Annex B: Key elements of the legislation on clinical trials of investigational medicinal products
This annex highlights some of the specific legal requirements for conducting clinical trials of investigational medicinal products in the UK. It complements the high-level principles set out in Good practice in research and Consent to research. It is not intended to be a comprehensive statement of the law or a list of all legislative requirements, nor is it a substitute for independent, up-to-date legal advice.
Consent to research gives further advice about involving adults who lack capacity in clinical trials of investigational medicinal products (see paragraphs 23-35).
The Medicines for Human Use (Clinical Trials) Regulations 2004 set out good clinical practice in the conduct of clinical trials of investigational medicinal products for human use (see schedule 1 of the regulations for the conditions and principles which apply to all trials). They apply in all four UK countries. You must be familiar with and follow the regulations at all times when conducting clinical trials of investigational medicinal products in the UK.
You should also be familiar with the guidance about conducting clinical trials of investigational medicinal products published by other organisations, such as the Medical Research Council and the Medicines and Healthcare products Regulatory Agency (MHRA).
Before starting a trial
The regulations prohibit anyone from starting or conducting a clinical trial of investigational medicinal products, and from beginning the process of recruiting participants to such a trial, until there is approval from a research ethics committee and authorisation from the MHRA. The research ethics committee must be one recognised by the United Kingdom Ethics Committee Authority.
It is a requirement for clinical trials of investigational medicinal products to be registered on the European Clinical Trials database (Eudract).
Seeking and withdrawing consent
It is a legal requirement to get written consent from a person to participate in a clinical trial of investigational medicinal products. The person with parental responsibility or a legal representative must give written consent for a child or young person, or for an adult who lacks capacity, to participate in a trial.
The regulations require that a person, or if relevant the person with parental responsibility or a legal representative, must have an interview with a member of the research team. The interviewer is required to give them the information they need to understand the aims, risks and burdens of the trial, and the conditions under which it will be conducted. The person must be informed of their right to withdraw themselves, or the person they represent or have parental responsibility for, from the trial at any time. It is a requirement that the person, or if relevant the person with parental responsibility or a legal representative, must be given a contact point where they can get further information about the trial.
The regulations prohibit offering any incentive, except compensation for injury or loss, to:
- a child or young person under 16
- the person with parental responsibility for them
- a legal representative for a child or young person under 16 or for an adult who lacks capacity.
In emergency situations, the regulations permit treatment to be given as part of a trial to a child or young person or to an adult who lacks capacity before getting consent only when:
- the trial needs to be undertaken urgently
- it is not reasonably practical to get consent, and
- an appropriate research ethics committee has given approval for such recruitment.

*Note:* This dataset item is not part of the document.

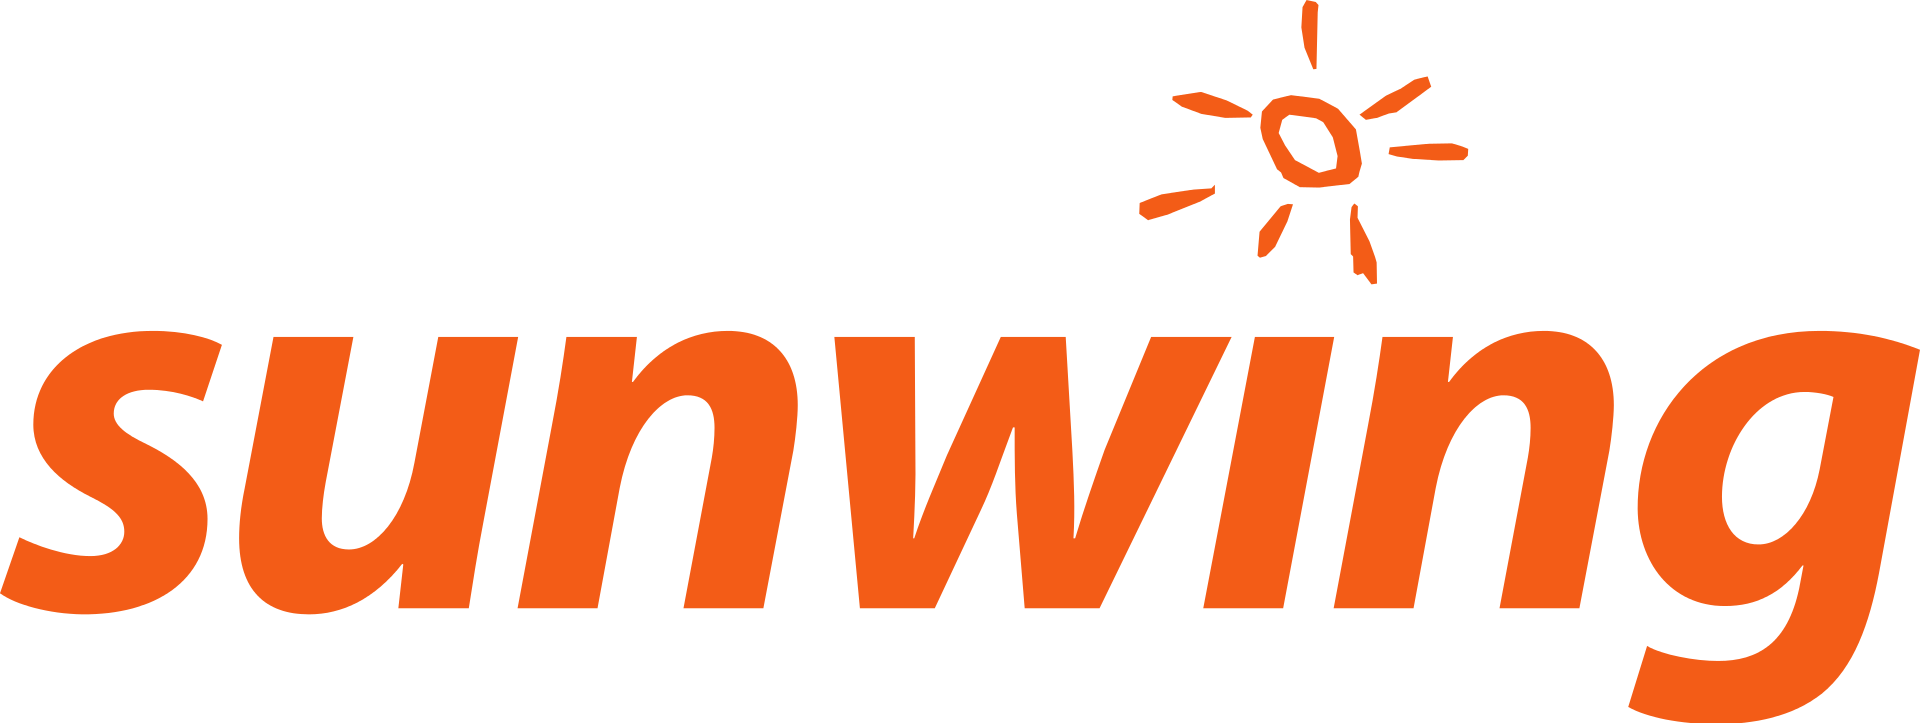 SWG logo

In these circumstances, it is a legal requirement to get consent from the person with parental responsibility or the legal representative (or the adult if they recover capacity) as soon as possible. If consent is withheld, the person must be withdrawn from the trial.
People participating in a trial can withdraw from the trial at any time. The person with parental responsibility or a legal representative can withdraw a child or young person or adult who lacks capacity from the trial at any time.
If urgent safety measures are introduced to protect participants against harm to their health or safety during a clinical trial of investigational medicinal products, the regulations require that the sponsor must immediately notify, in writing, the MHRA and the research ethics committee of the measures taken and why they were needed.
There are specific requirements to record, notify, assess, report, analyse and manage adverse events in trials. In particular, it is a requirement for the research investigator to immediately report to the sponsor any serious adverse event that occurs to a participant, unless the protocol sets out that the event does not need to be reported immediately. The sponsor is required to make sure that all relevant information about a suspected unexpected serious adverse reaction that occurs during a clinical trial of investigational medicinal products is reported within a specified period to the MHRA and the relevant research ethics committee.